Before he could click it, the mouse slipped out of his sweaty hand. A brief delay, but a catastrophe when every second counts. He had wasted enough time as it was. Finally, he managed to maneuver the mouse back to the icon, clicked it, and breathed deeply. Apparently he had been holding his breath.

He tried to remember who else had been online, but his mind was blank.

Maybe he had caught it in time. Maybe she hadn’t bothered to ask anyone else. She probably didn’t care enough, anyway. But just in case, he’d better just stay away from the computer for a while. Actually, he should shut it off completely. He jabbed the power button and held it, feeling like he was holding a pillow over someone’s face, suffocating him. (It was his grandfather, for some reason, in a hospital bed. Why? Both of his grandfathers were alive: healthy, endearing old men.) As the computer died, he felt Hannah fall further away.

He would do something else today - something outside, something that had nothing to do with her. That way, when they got around to discussing the fight, processing it like they always did - he could tell her he had been busy and it wouldn’t technically be a lie.

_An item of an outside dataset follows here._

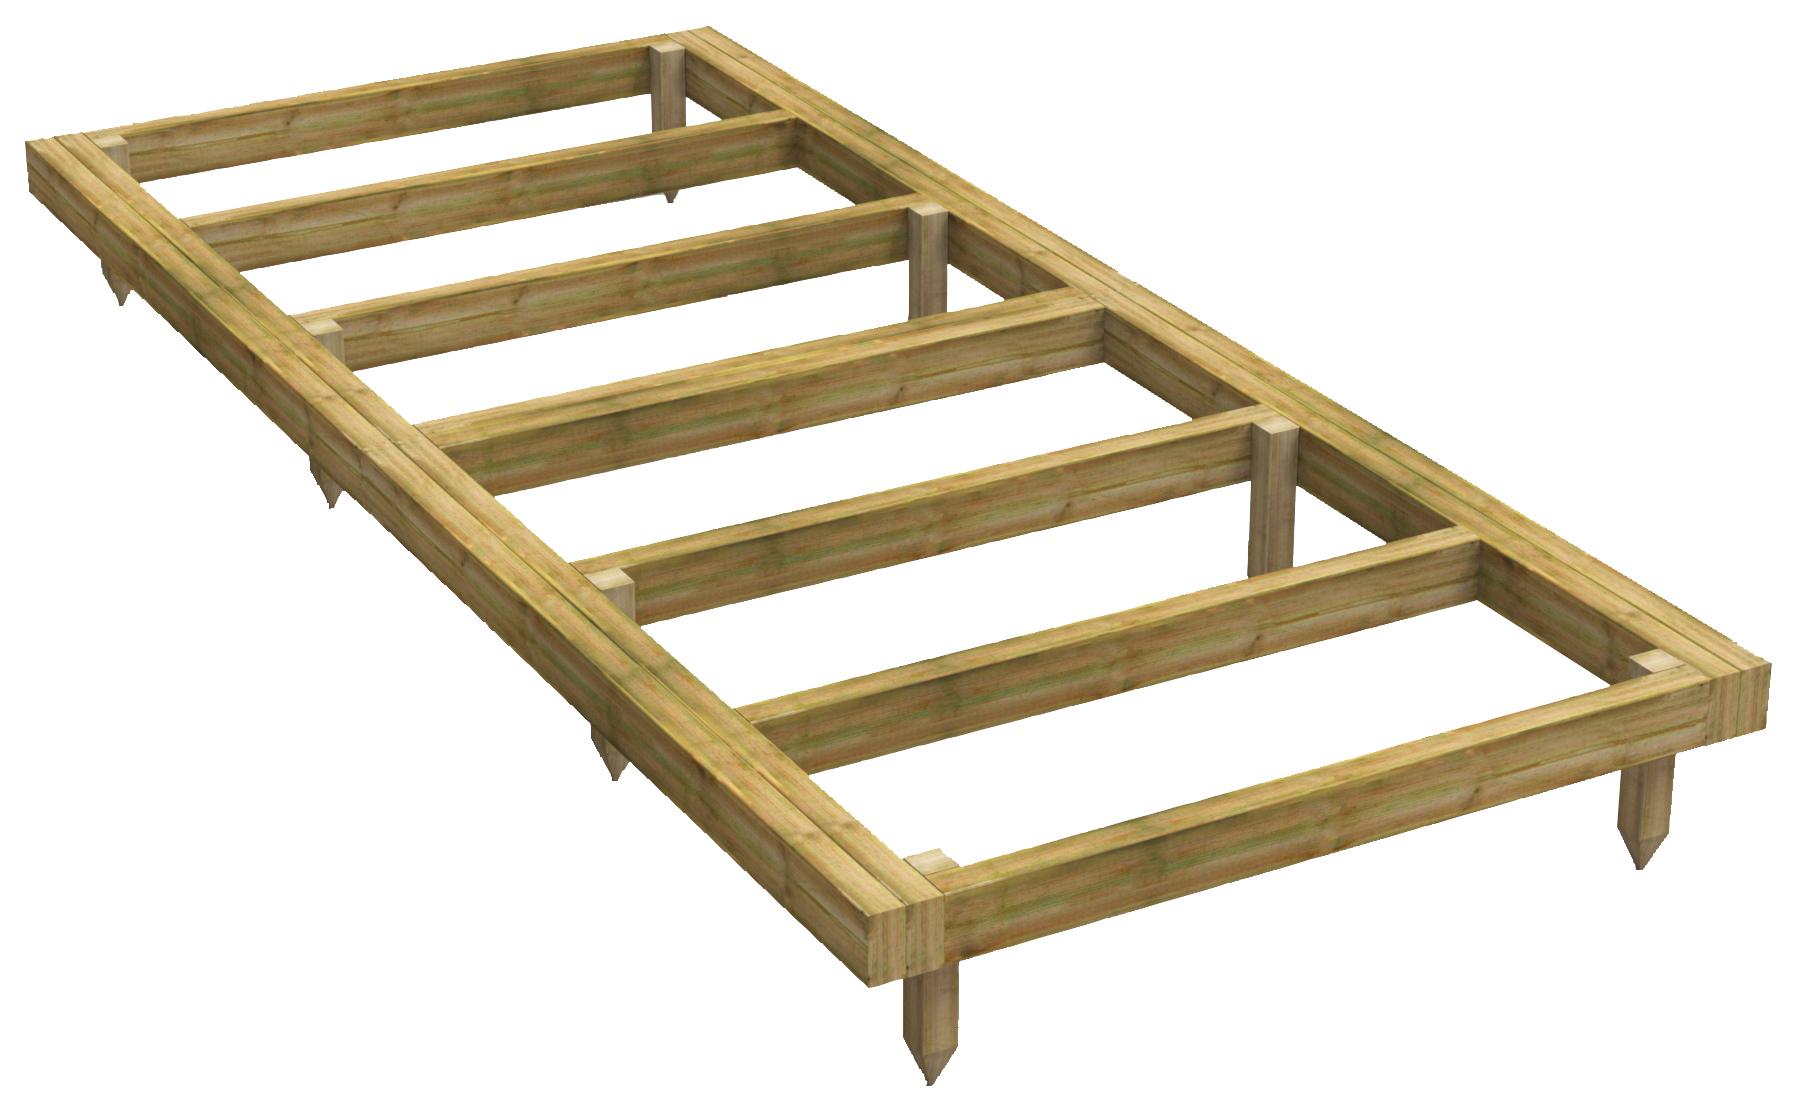 Power Sheds Pressure Treated Garden Building Base Kit - 4 x 10ft

Just like it wasn’t technically a lie that he had slammed his fist on the keyboard when the survey question asked him about his biggest enemies. That was one of the things he had done. The fact that he had also added a couple of extra vb’s in there did not negate that. He was always honest, but he did sometimes leave things out.

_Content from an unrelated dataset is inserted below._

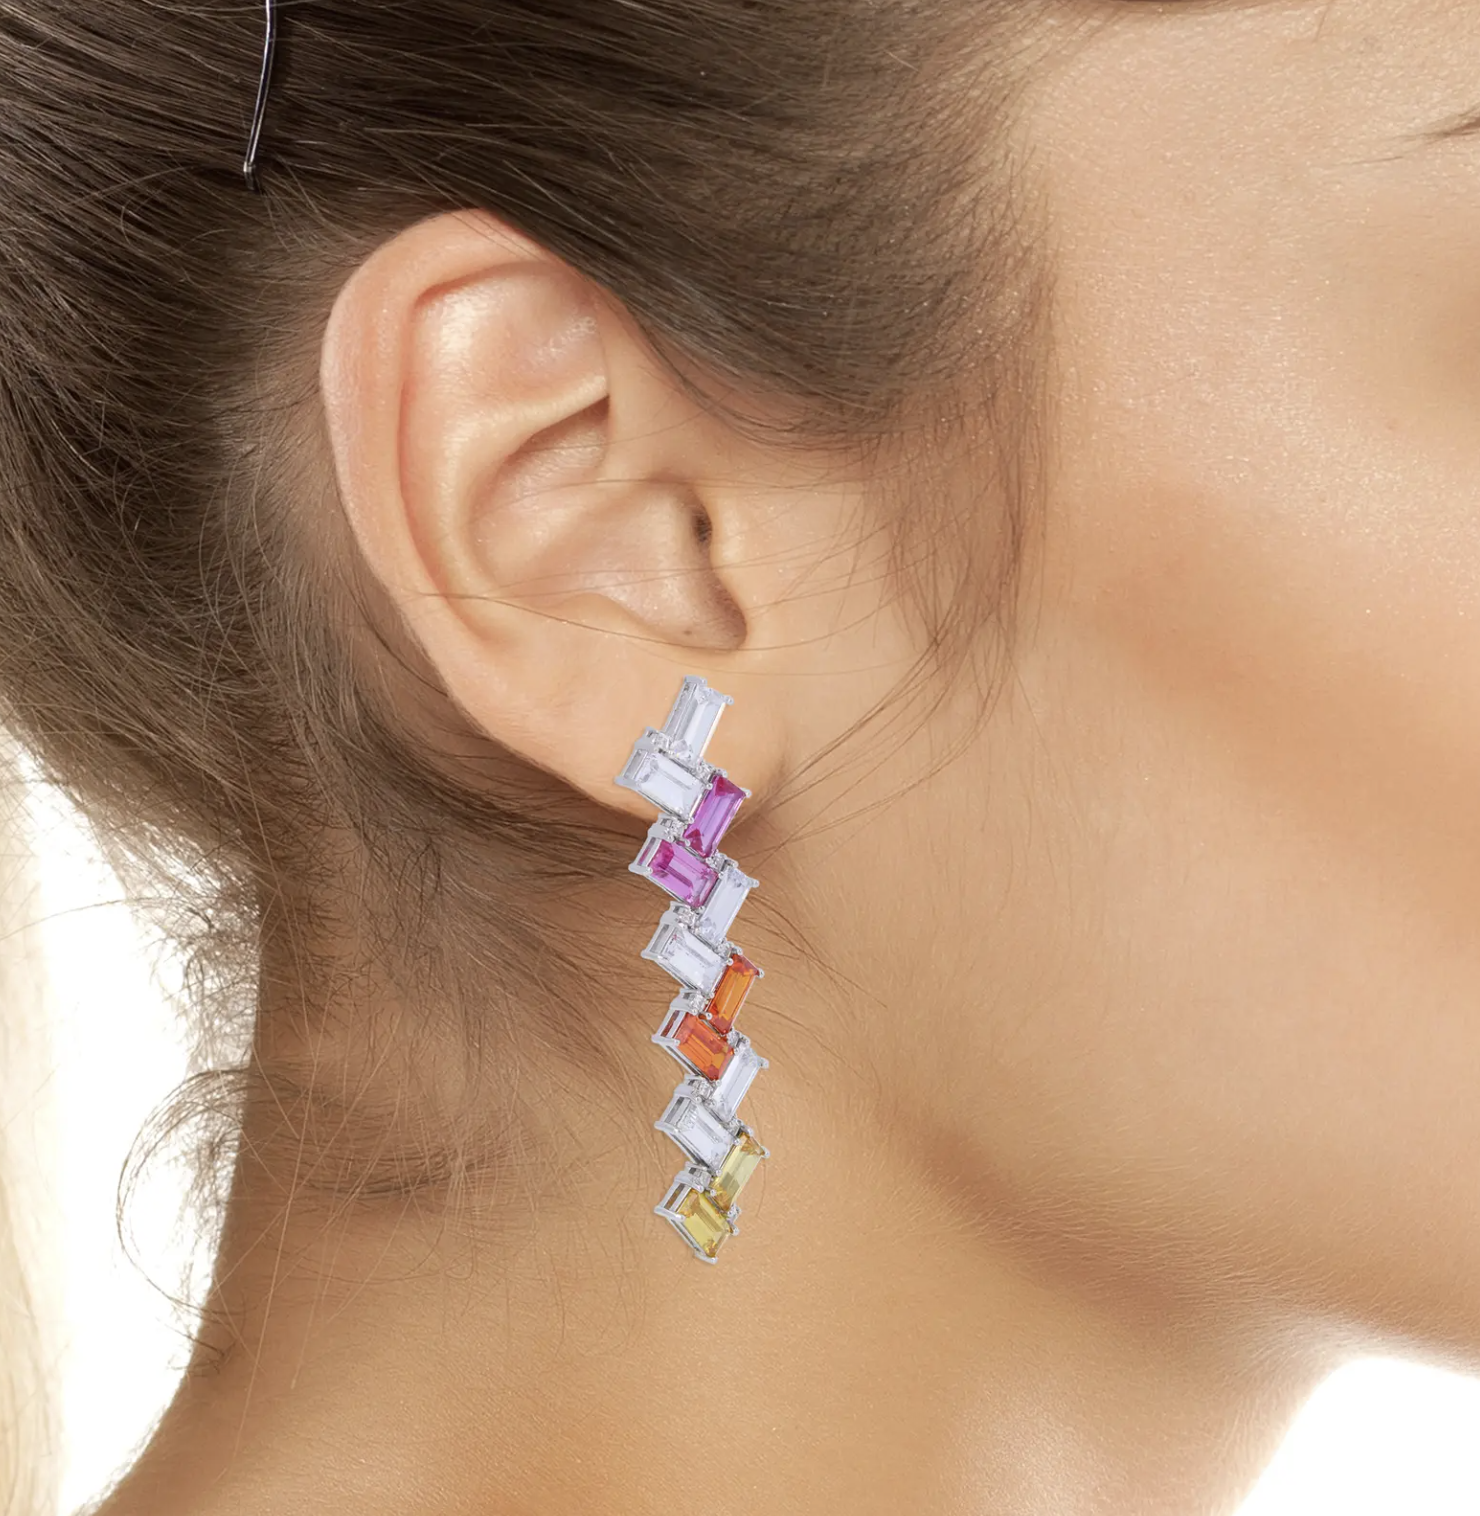 A person wearing one of the dangly earrings

“But so do you,” he added, addressing pseudo-Hannah once more. “You don’t always tell me when you’re talking to other people or when Victoria’s sitting next to you or when you’re not home.”

And so did everybody, didn’t they? Nobody ever told the whole truth or else they’d never shut up.

How would Hannah respond to that? Would she get it? The real Hannah, not the one in his mind and not the one who was online right now, who was mad at him over practically nothing. James made a mental note to run it by her once they were friends again. Only then could he know if it was a worthwhile thought or not.

There was a whole area of James’s mind reserved for storing ideas that he hadn’t talked to Hannah about yet.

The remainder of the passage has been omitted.